The Green Guru Dutchy was hands-down our favorite pannier to use whilst running errands around town, which is why we gave it the Top Pick Award for Townie Riding. Made in Colorado, this pannier is built out of upcycled billboards, banners, and truck tarps, making no two styles alike. Aside from being environmentally conscious, this pannier is exceptionally easy to use and carries over your shoulder comfortably while you're out and about away from your bike. Easy to install and remove from your rack, this bag would also be a good option for a commuter who also uses their bike to run errands. However, if you're looking for a pannier that greater resilience for long, wet rides, we would suggest looking at the Thule Adventure Touring Pannier.
RELATED REVIEW: The 10 Best Bike Panniers for Commuting and Touring
Our Analysis and Hands-on Test Results
This pannier is well thought-out and downright fun to use. While it is best suited for cyclists who mostly use their panniers for hauling groceries and the like, it has features that also make it possible to serve as a commuting pannier. While it didn't outshine the other competitors in any particular category, it had very solid performance across the board and in our eyes was the most user-friendly townie pannier.
Townie panniers are most convenient if they can be quickly mounted and removed. But they must also offer a secure hold when carrying heavy and bulky items. We found that the hook and loop style hardware on the Dutchy was straightforward to use and could be mounted quickly. Similar to what we found on the Banjo Brothers Market Pannier, this model had two simple hooks at the top of the bag with an elastic strap to secure the bag at the bottom. Although the hooks were set in place, the bottom elastic loop was adjustable to accommodate different rack types. When it came to removing the pannier, this mounting system was also rapid to grab and go.
The relative ease of this hardware was geared towards casual riding. Although quick and easy, this mounting system wasn't very secure with a full load—extra weight seemed to buck the bag around a fair amount. Though, we expect most townie riders don't seek out rough terrain on the way back from the grocery store. But on the off chance you encounter some curbs on your ride home, be wary that your cargo could get tossed.
We were very pleased with the storage abilities of the Green Guru Dutchy. This model is intentionally designed to accommodate the standard sized paper grocery bag, but also complements the dimensions 12-packs and boxed macaroni quite well. During our storage test, the Dutchy was able to fit all of the grocery items that we had selected other than the awkwardly shaped cantaloupe—which, frankly, was added as a wildcard.

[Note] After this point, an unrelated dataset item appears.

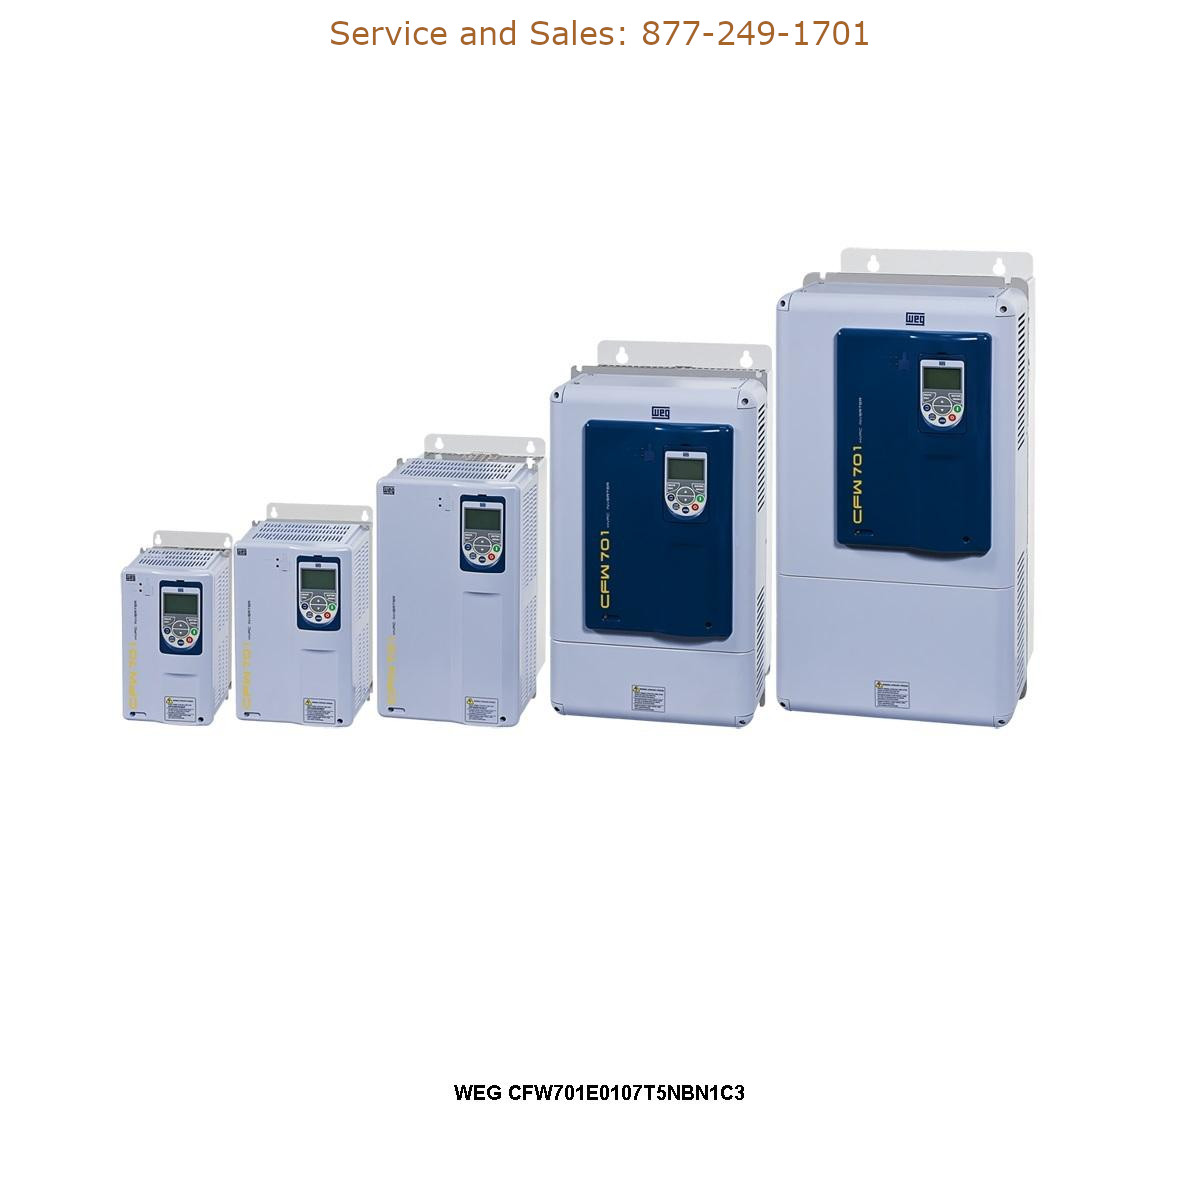 WEG CFW701E0107T5NBN1C3 WEG Model Number CFW701E0107T5NBN1C3 WEG Drives, Variable Speed Drives Repair Service, Troubleshooting, Replacement Parts https://gesrepair.com/wp-content/uploads/2022/WEG/WEG_CFW701E0107T5NBN1C3_Drives_Variable_Speed_Drives.jpg
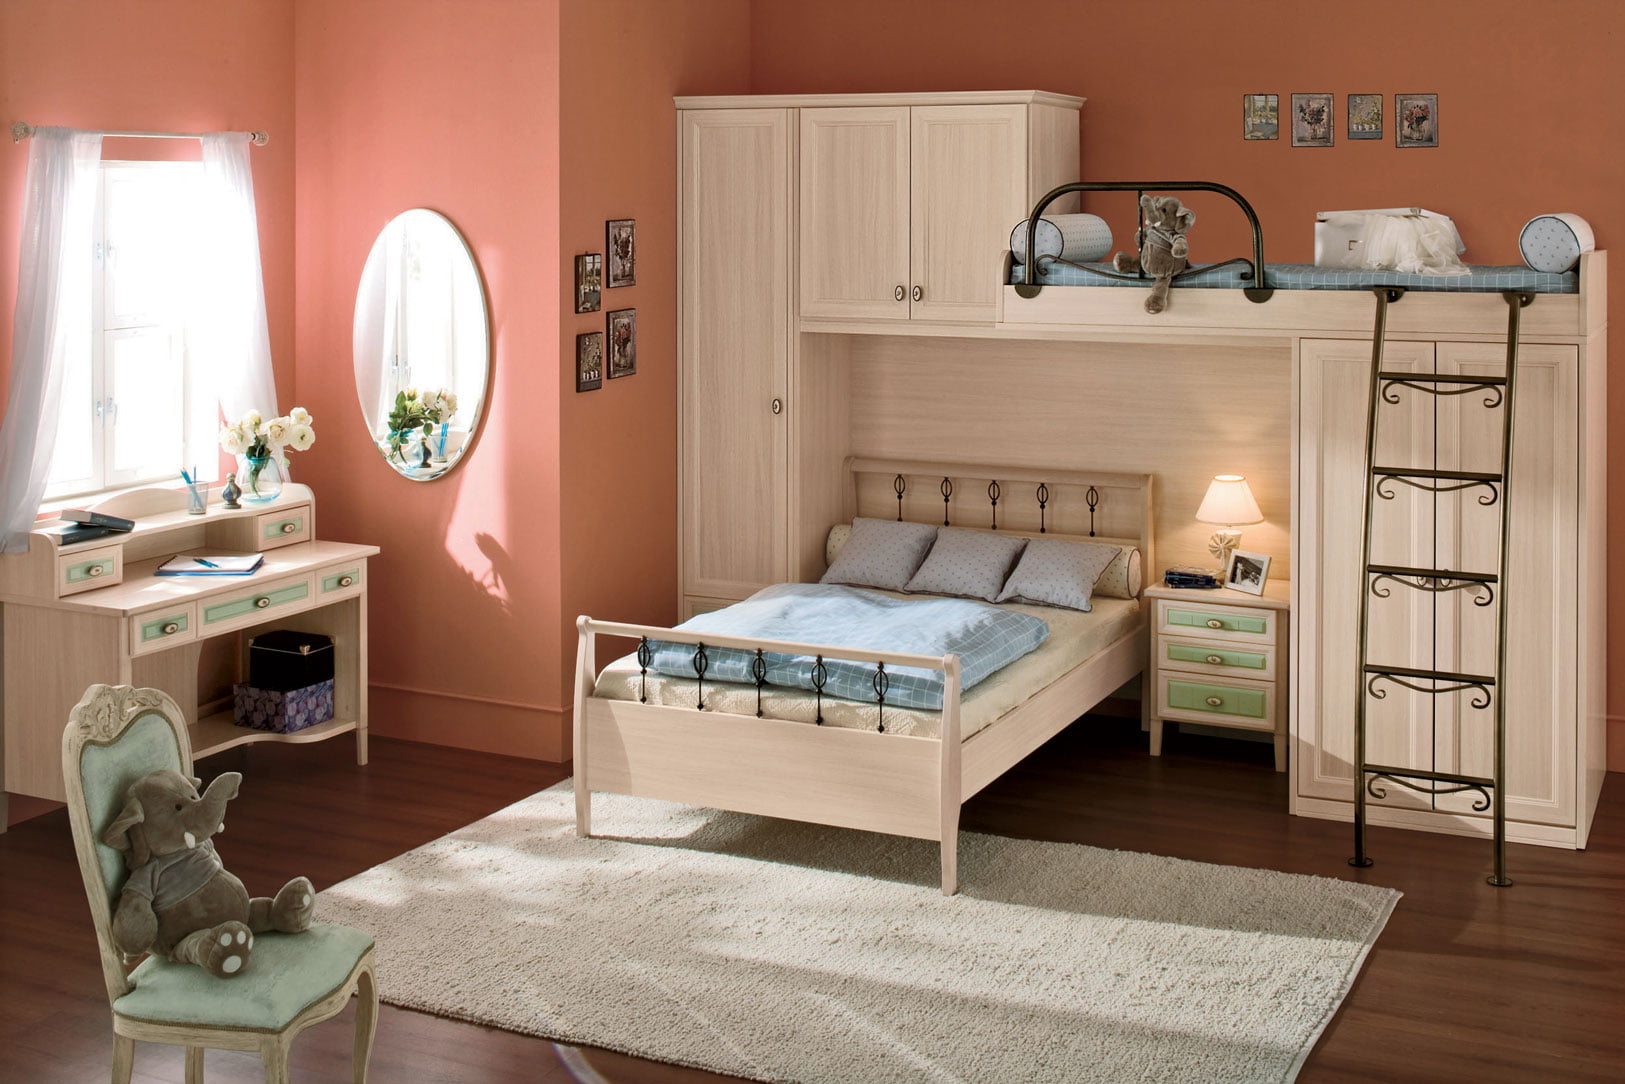 multifunctional bedroom ideas, Combination Of Brightness And Contrast,

There were no bonus pockets on the Dutchy, but we weren't very concerned with that considering that the primary storage space would be used to carry bulky items, not knick-knacks. Despite its boxy dimensions, we were impressed with how easily this pannier folded down when not fully loaded. Though, like any single-sided pannier, heavy loads tended to throw our posture off balance when rolling down the road.
Recycled or up cycled materials don't always equate to high-quality materials. However, in the case of the Dutchy, this couldn't be further from the truth. The thick and burly billboard material used on the outer material of this pannier is quite stout. Made to withstand UV exposure and all types of weather, we found that these materials were a great reinforcement for townie panniers that may experience abrasion from rough surfaces.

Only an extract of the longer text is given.